However, traditionally, these displays have had a significant limitation—they could only present a single stream of content at a time. This constraint can often pose difficulties for users, particularly when they need to process and interact with multiple layers of textual information concurrently.

Take the example of an annotated Word document. In the past, a visually impaired user would need to toggle between the main text and any associated comments or annotations, effectively breaking the continuity of their reading experience. This process was time-consuming and could potentially disrupt comprehension and workflow. It made working with complex documents, especially those involving collaborative editing or extensive annotation, particularly challenging.

In the broader context, this limitation also had implications on how visually impaired people interacted with digital platforms.
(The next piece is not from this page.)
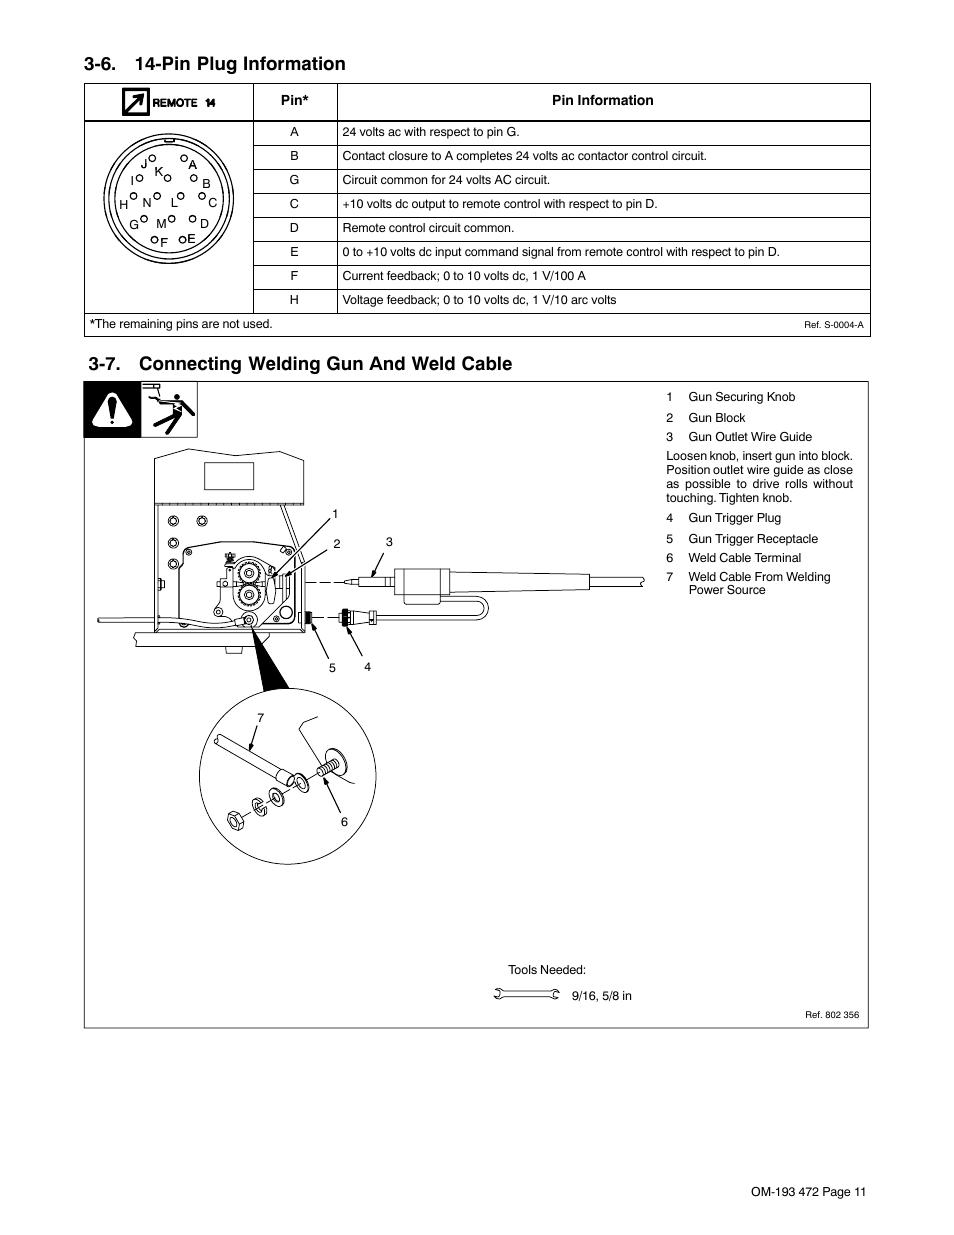 Miller 14 Pin Wiring Diagram - wiring diagram on the net on

The inability to present multiple streams of information simultaneously presented a barrier to efficient multitasking, impacting productivity and potentially limiting the participation of visually impaired individuals in various professional and educational activities.

The problem was further compounded by the increasing complexity and interactivity of digital content. As digital literacy became more important and the digital world became more intertwined with all aspects of life, the demand for more sophisticated and flexible Braille display technologies grew.

SUMMARY OF THE INVENTION

The invention is an enhancement to screen reader application just as those provided under the JAWS brand. JAWS, for example, includes three distinct modes for Braille output—structured mode, line mode, and speech output mode. Each of these modes can be customized in the Settings Center.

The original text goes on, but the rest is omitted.